ASSIGNED TASK ▸
Every line below is to be set down again exactly; any image stays out.

DATA BELOW ▸
══════
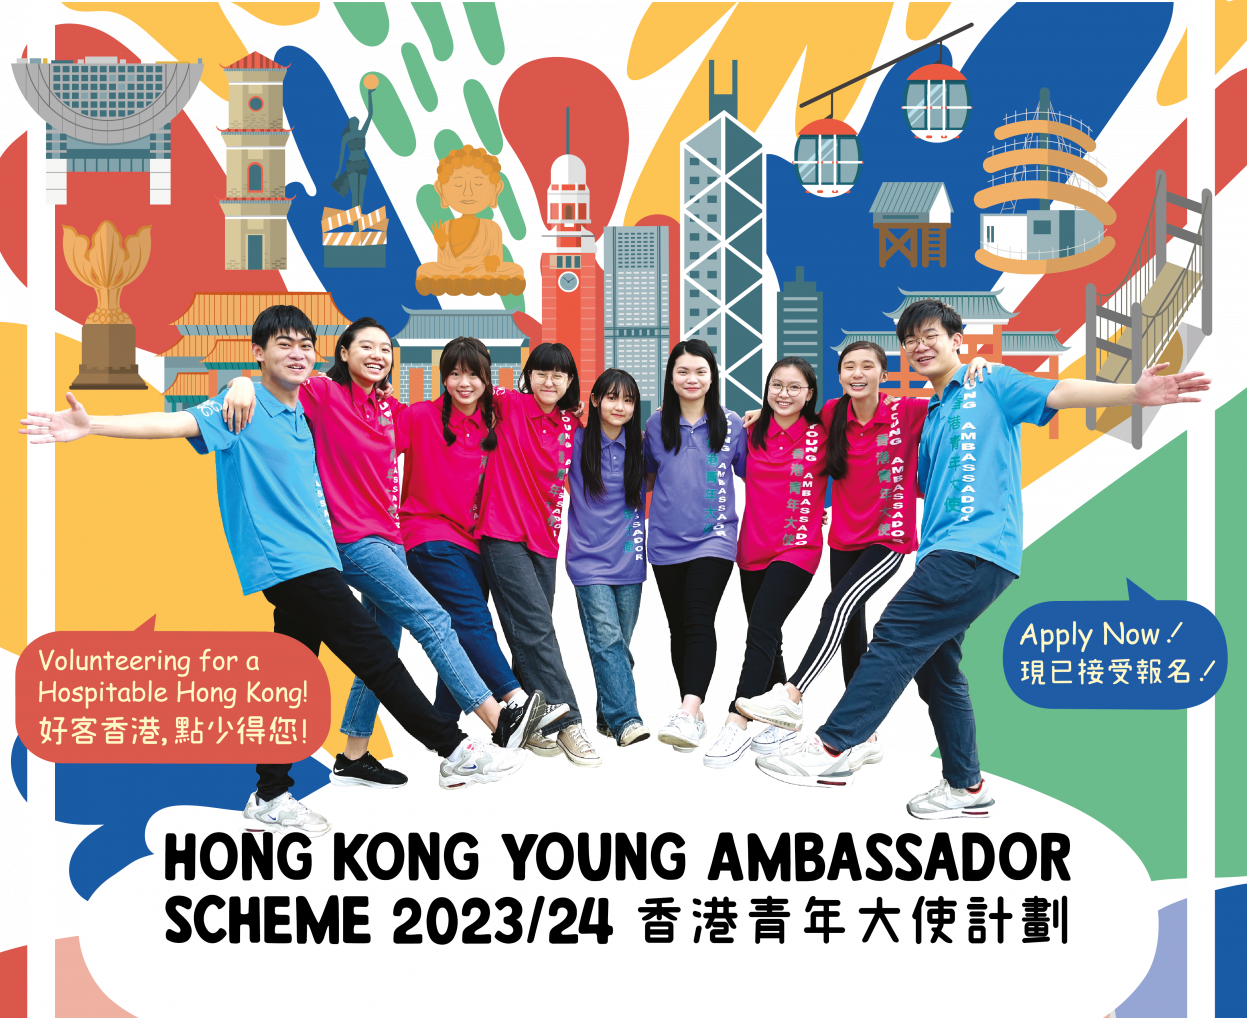 「2023/24香港青年大使計劃」宣傳片
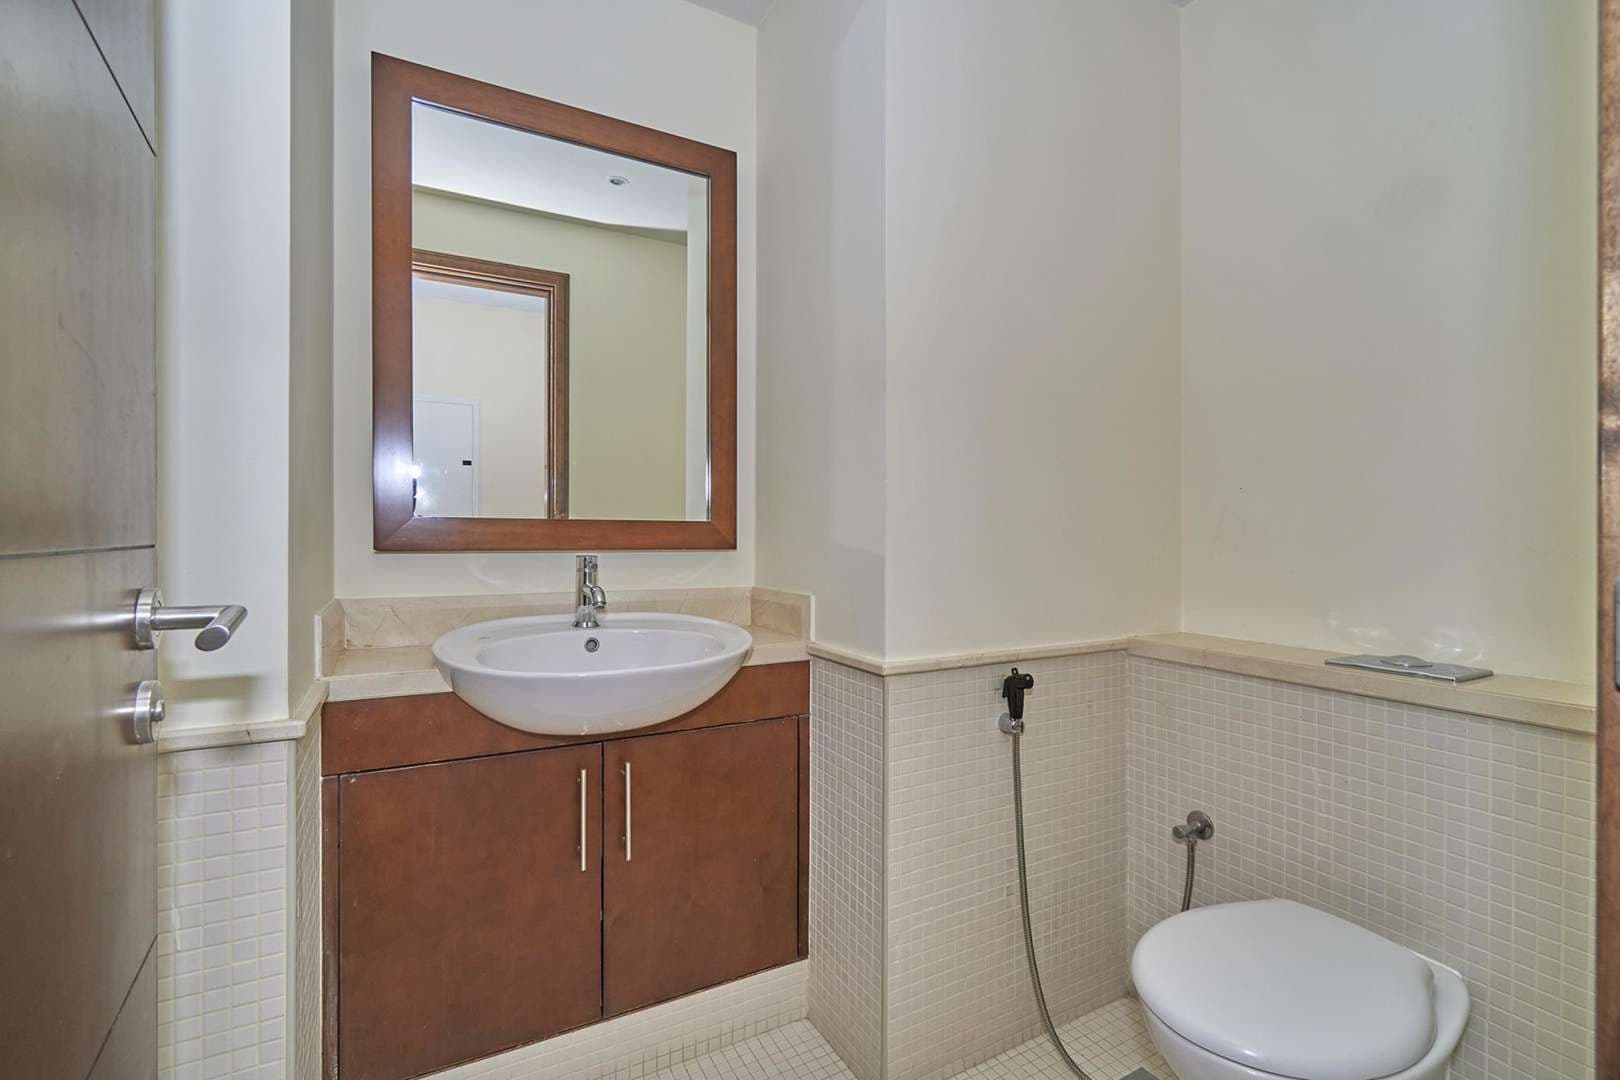 3 Bedroom Apartment For Rent South Ridge 5 Lp06152 2549085dec0a600.jpg
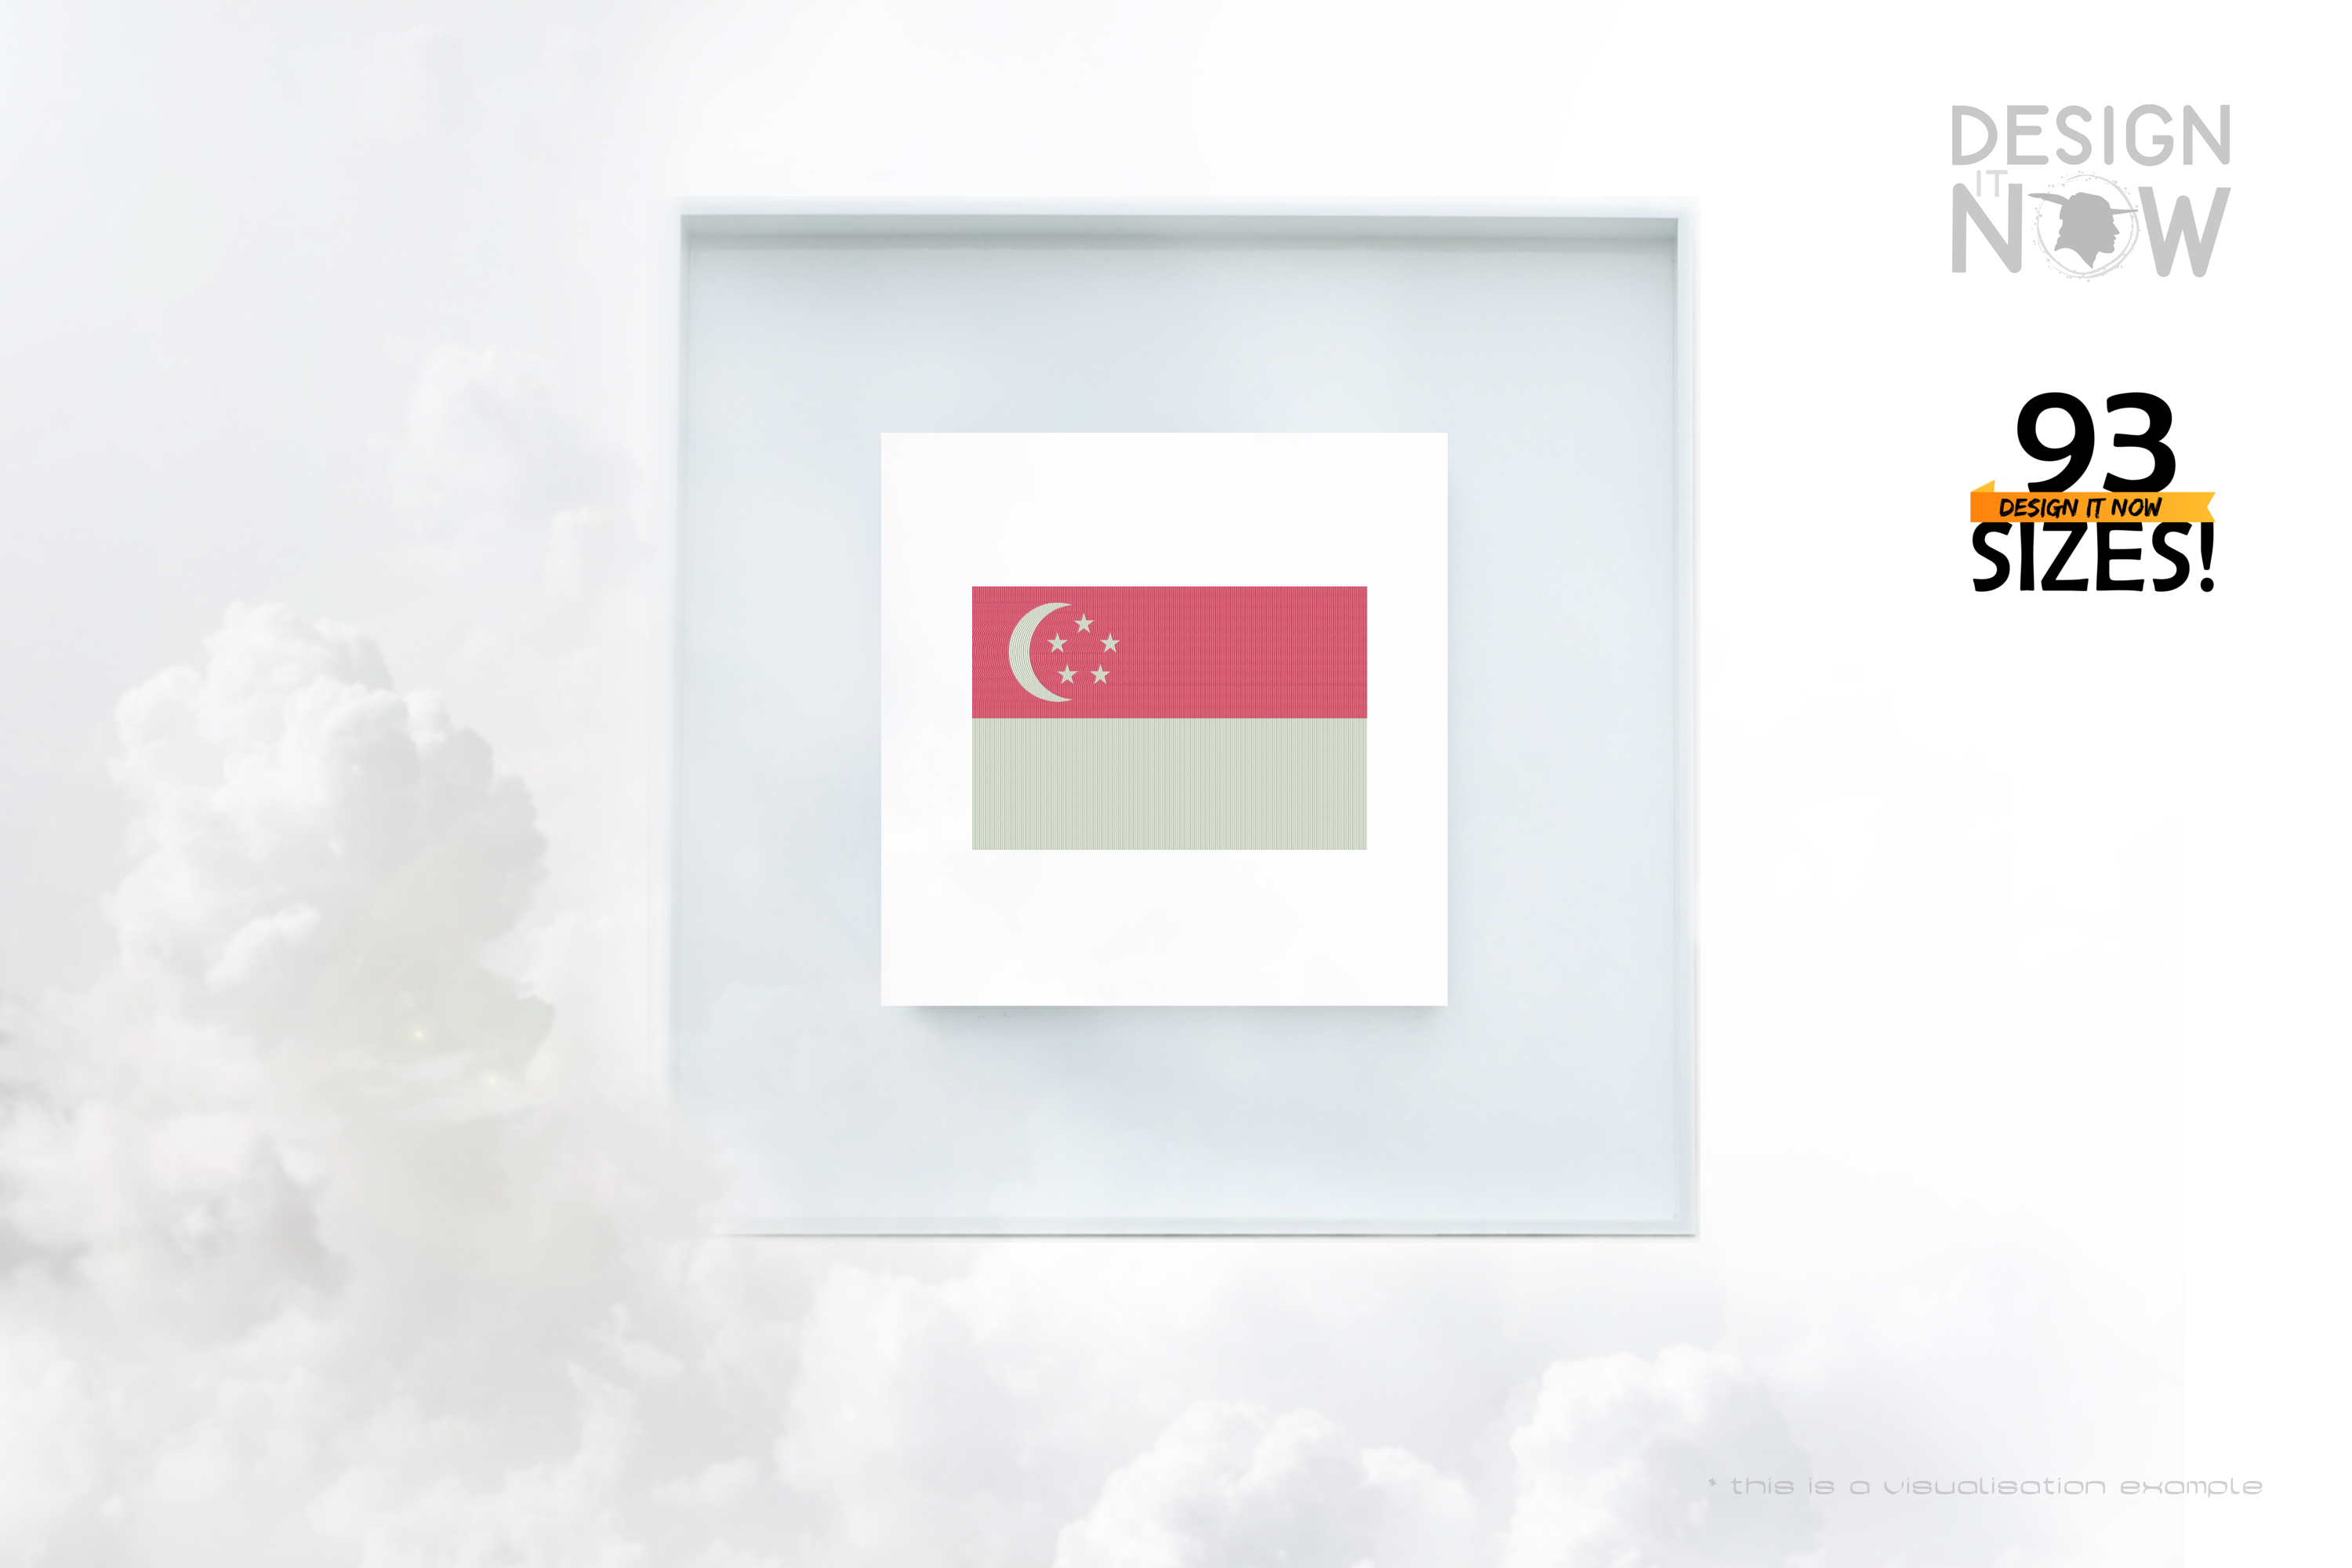 Singapore-Republic of Singapore-Republic of Singapura
══════
SOLUTION BELOW ▸
 「2023/24香港青年大使計劃」宣傳片
 3 Bedroom Apartment For Rent South Ridge 5 Lp06152 2549085dec0a600.jpg
 Singapore-Republic of Singapore-Republic of Singapura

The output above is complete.